I now exclude from consideration incidents with intelligent malicious intent, this is a separate topic. We are talking about natural problems (the server crashed / hung, the virtual machine started to slow down and then stopped, the application lost 100,500 transactions and believes that everything is fine).
The essence of the incident
Sometimes it is trivial (“the server spontaneously rebooted”, or “the plane fell”). Sometimes it is extremely difficult to explain (“customers complain that they don’t manage to change the region”, while all employees with client accounts can change the region). Most often, the farther away from the system administrator is the source of the complaint, the more vague the complaint becomes: “the customer says that after ordering a teddy bear in the online store, he cannot change the region to IE7 when using an LTE connection via a USB modem, and he receives a 500th error when trying to cancel an operation and pressing "back").
')
Even more difficult is the case when several problems merge together: “the server suddenly rebooted, and on the other server there was a timeout of working with the database, and the clients at that time wrote that they did not load pictures”. How many problems are there? One, two, three, and maybe more? Which problems should be silently merged (database and lack of pictures), and which ones should be considered separately? And if at this moment another complaint comes that the user cannot log in to the system - is this the usual “forgot password” or also a symptom? And if there are two users? Or does someone in passing say, “my mail doesn’t get through”?
Subconsciously, at the onset of problems, each new complaint immediately merges with existing ones (and may not lead there), plus dramatically increases stress due to the fact that you have to think not of three symptoms, but eight, for example. And in my head, only seven are well kept. But at the same time, in my practice, it happened that the incoming “new” symptom easily led to the essence of the problem and its elimination ........ minus that the serious problem (from which it all started) has nothing to do with joyfully and quickly repaired nonsense. And time is spent.
There is no simple advice for such a situation.
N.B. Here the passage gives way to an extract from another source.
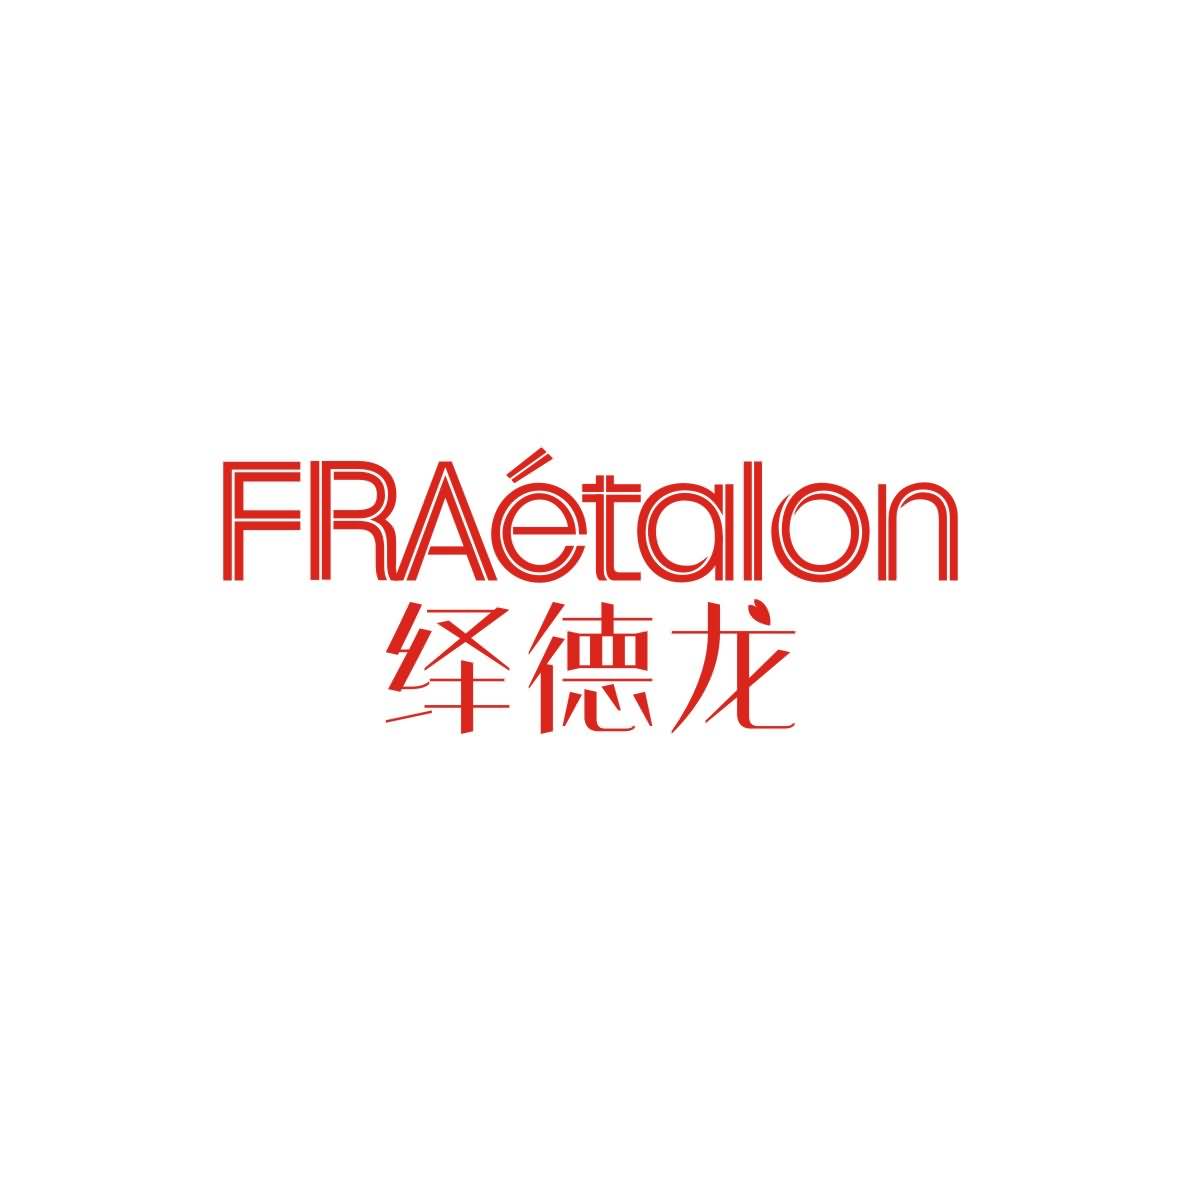 广州品翰文化发展有限公司商标绎德龙 FRAETALON（25类）商标买卖平台报价，上哪个平台最省钱？

In difficult situations, I usually write out everything that I hear and notice, not analyzing, but fixing the time.
That is, the journal (in sticky notes) looks like this:
- Monitoring triggered on srv1 (22:05)
- (name) said about problems with the mail (22:07)
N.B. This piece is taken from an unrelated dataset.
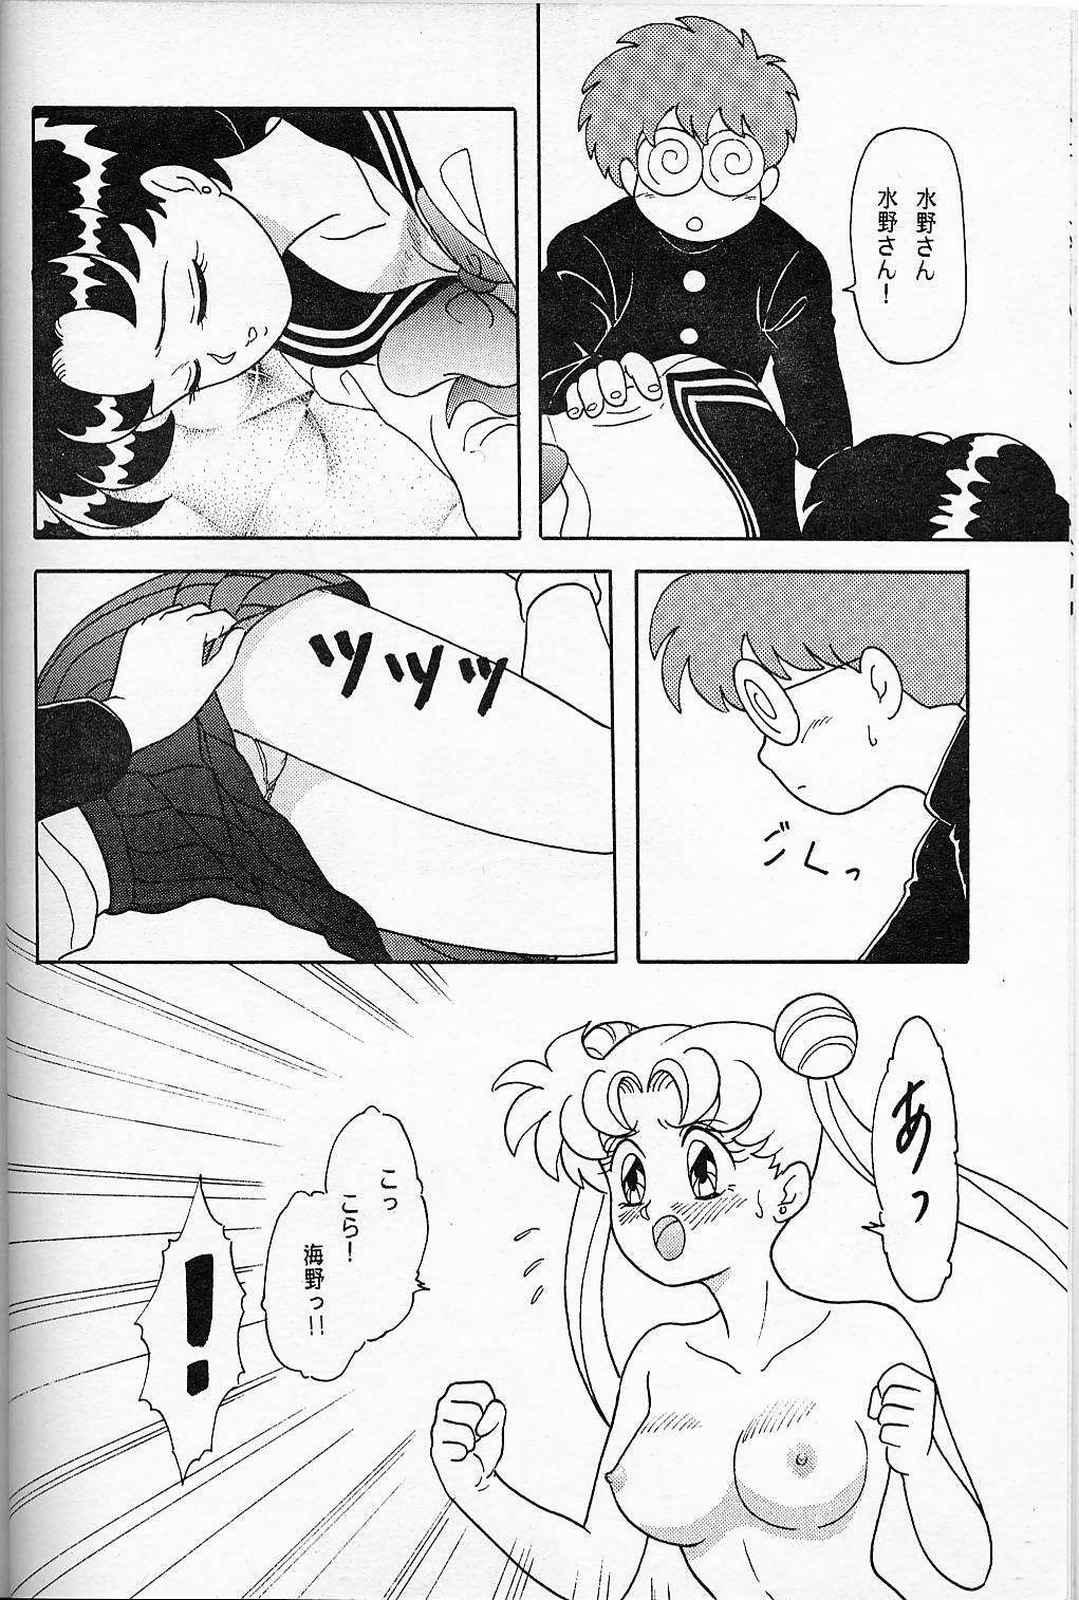 Gay Party Lunch Box 6 - Usagi - Sailor moon Analfucking - Page 9

- I can not log in to srv12 (22:08) / refused - Logged in 22:16, dmesg clean, uptime big
- I can not log in to srv13 (22:10) (timeout) - office wifi has fallen off (22:11)
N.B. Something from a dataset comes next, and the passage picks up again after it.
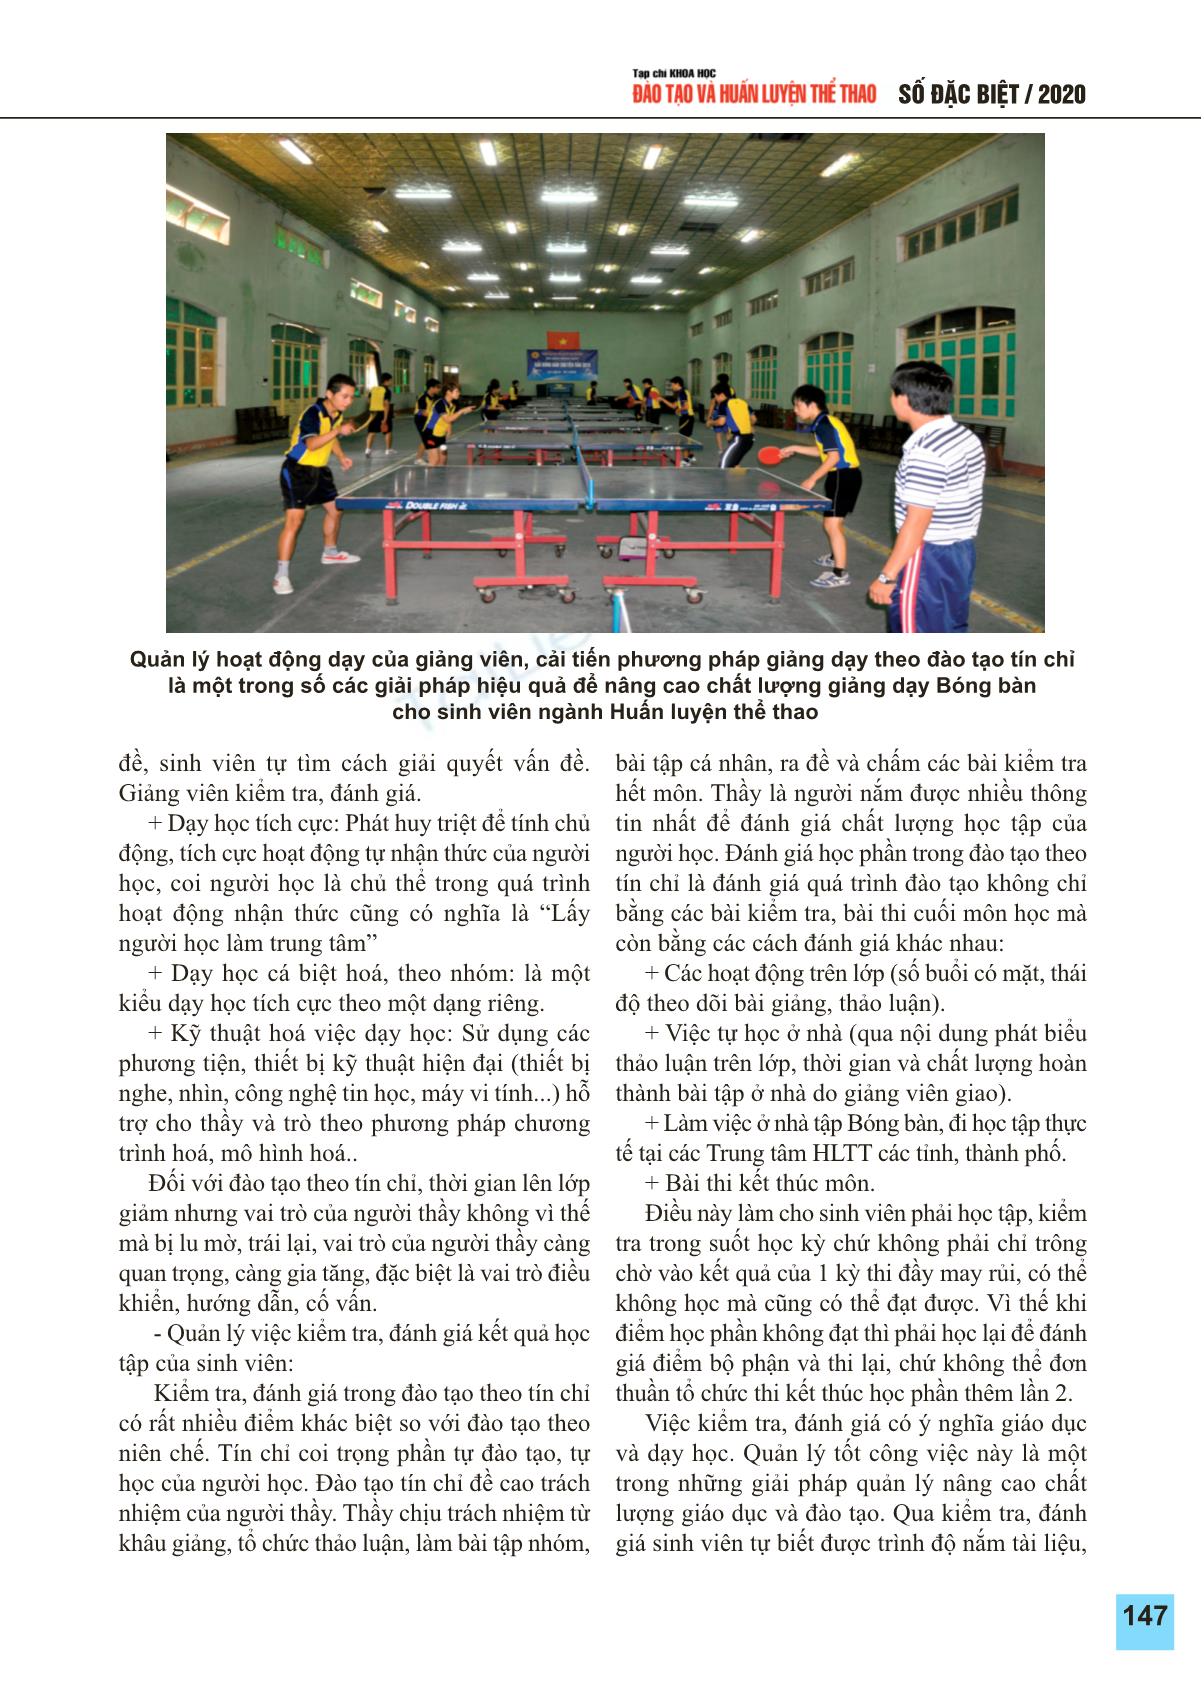 Giải pháp nâng cao chất lượng dạy học môn bóng bàn cho sinh viên ngành huấn luyện thể thao đào tạo theo học chế tín chỉ ở trường Đại học Thể dục thể thao Bắc Ninh trang 4

- The panel does not open (22:12)
- Support writes that the client complains that nothing works, 22:15
Do not get involved (not time to print), but the
symptoms should be written out. One is a case or several, important are the symptoms or not, it will become clear later. I usually start writing out after about the third distracting appeal.
The second aspect of the problem is proof of the existence of the problem. The most hated phrase that cannot be avoided:
Everything works
After Enise Airlines complained to the manufacturer that the planes sometimes fall, the developer checked that the planes take off / land and closed the ticket with 'Unable to reproduce'. Employees of the support of Enia Airlines continue to collect statistics on the fall of the aircraft and are trying to learn how to reproduce the fall in the laboratory.
Finding a problem is often more difficult to fix. The worst scenario that can be imagined is the stream of complaints from users with a completely green monitoring. Moreover, sometimes it happens that you look with eyes / hands - everything is fine. And there are complaints. That is, "there is a problem," "but there is no problem." This is the most disgusting state, and if we are not talking about the primitive "works" / "does not work", but about more subtle things, then with an unfortunate set of circumstances, it can drag on for weeks or even months. A real example from my practice: five months there is a delay of 300-400s (!) with an ordinary load on the disk array. There are no other symptoms. In the laboratory does not appear. Debug as you want.
So surprisingly, one experiences joy by learning to faithfully reproduce the problem. A real example: At one time, it took me more than a year to formulate an enclosure freeze scenario with SATA disks. In production, I watched such filth, but I could not reproduce on a stand or a synthetic load. Finally
managed by sheer chance. To the disgrace of LSI, the reaction to bug reports has not been followed up to now, but at least I have a reinforced concrete argument in discussing the (in) applicability of enclosure under serious loads. I must say that I still have no equivalent scenario for SAS disks, although there is an extremely high certainty that the problem is reproducible with the same success. So we can say that for 8 years I have the same bug, but with SAS, I have not learned to reliably reproduce.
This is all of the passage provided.